◆ ASSIGNED TASK ◆
I would like you to transcribe all of the data exactly.

┌─ ENTRIES SUPPLIED

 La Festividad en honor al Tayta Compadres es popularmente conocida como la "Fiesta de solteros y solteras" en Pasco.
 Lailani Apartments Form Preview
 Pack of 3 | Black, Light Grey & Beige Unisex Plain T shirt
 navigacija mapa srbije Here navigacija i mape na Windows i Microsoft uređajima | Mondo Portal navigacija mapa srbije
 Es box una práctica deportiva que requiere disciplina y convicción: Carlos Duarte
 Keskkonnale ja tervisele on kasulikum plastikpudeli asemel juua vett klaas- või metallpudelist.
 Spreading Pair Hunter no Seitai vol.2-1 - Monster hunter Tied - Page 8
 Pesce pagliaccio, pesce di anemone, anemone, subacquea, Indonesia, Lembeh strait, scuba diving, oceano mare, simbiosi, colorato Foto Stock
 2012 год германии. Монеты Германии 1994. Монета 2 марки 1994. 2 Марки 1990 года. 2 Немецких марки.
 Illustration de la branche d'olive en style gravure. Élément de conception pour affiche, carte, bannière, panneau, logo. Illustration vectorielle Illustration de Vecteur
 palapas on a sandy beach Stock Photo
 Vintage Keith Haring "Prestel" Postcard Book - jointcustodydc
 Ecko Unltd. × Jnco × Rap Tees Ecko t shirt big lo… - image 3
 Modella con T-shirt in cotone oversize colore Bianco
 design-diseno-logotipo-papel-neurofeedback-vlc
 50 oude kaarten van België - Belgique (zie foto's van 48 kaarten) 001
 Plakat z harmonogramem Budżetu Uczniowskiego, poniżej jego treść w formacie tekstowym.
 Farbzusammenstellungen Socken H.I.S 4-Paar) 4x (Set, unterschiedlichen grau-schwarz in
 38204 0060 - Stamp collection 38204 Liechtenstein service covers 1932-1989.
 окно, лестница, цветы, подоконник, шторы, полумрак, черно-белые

└─

◆ SOLUTION FOR THIS PROBLEM ◆
 La Festividad en honor al Tayta Compadres es popularmente conocida como la "Fiesta de solteros y solteras" en Pasco.
 Lailani Apartments Form Preview
 Pack of 3 | Black, Light Grey & Beige Unisex Plain T shirt
 navigacija mapa srbije Here navigacija i mape na Windows i Microsoft uređajima | Mondo Portal navigacija mapa srbije
 Es box una práctica deportiva que requiere disciplina y convicción: Carlos Duarte
 Keskkonnale ja tervisele on kasulikum plastikpudeli asemel juua vett klaas- või metallpudelist.
 Spreading Pair Hunter no Seitai vol.2-1 - Monster hunter Tied - Page 8
 Pesce pagliaccio, pesce di anemone, anemone, subacquea, Indonesia, Lembeh strait, scuba diving, oceano mare, simbiosi, colorato Foto Stock
 2012 год германии. Монеты Германии 1994. Монета 2 марки 1994. 2 Марки 1990 года. 2 Немецких марки.
 Illustration de la branche d'olive en style gravure. Élément de conception pour affiche, carte, bannière, panneau, logo. Illustration vectorielle Illustration de Vecteur
 palapas on a sandy beach Stock Photo
 Vintage Keith Haring "Prestel" Postcard Book - jointcustodydc
 Ecko Unltd. × Jnco × Rap Tees Ecko t shirt big lo… - image 3
 Modella con T-shirt in cotone oversize colore Bianco
 design-diseno-logotipo-papel-neurofeedback-vlc
 50 oude kaarten van België - Belgique (zie foto's van 48 kaarten) 001
 Plakat z harmonogramem Budżetu Uczniowskiego, poniżej jego treść w formacie tekstowym.
 Farbzusammenstellungen Socken H.I.S 4-Paar) 4x (Set, unterschiedlichen grau-schwarz in
 38204 0060 - Stamp collection 38204 Liechtenstein service covers 1932-1989.
 окно, лестница, цветы, подоконник, шторы, полумрак, черно-белые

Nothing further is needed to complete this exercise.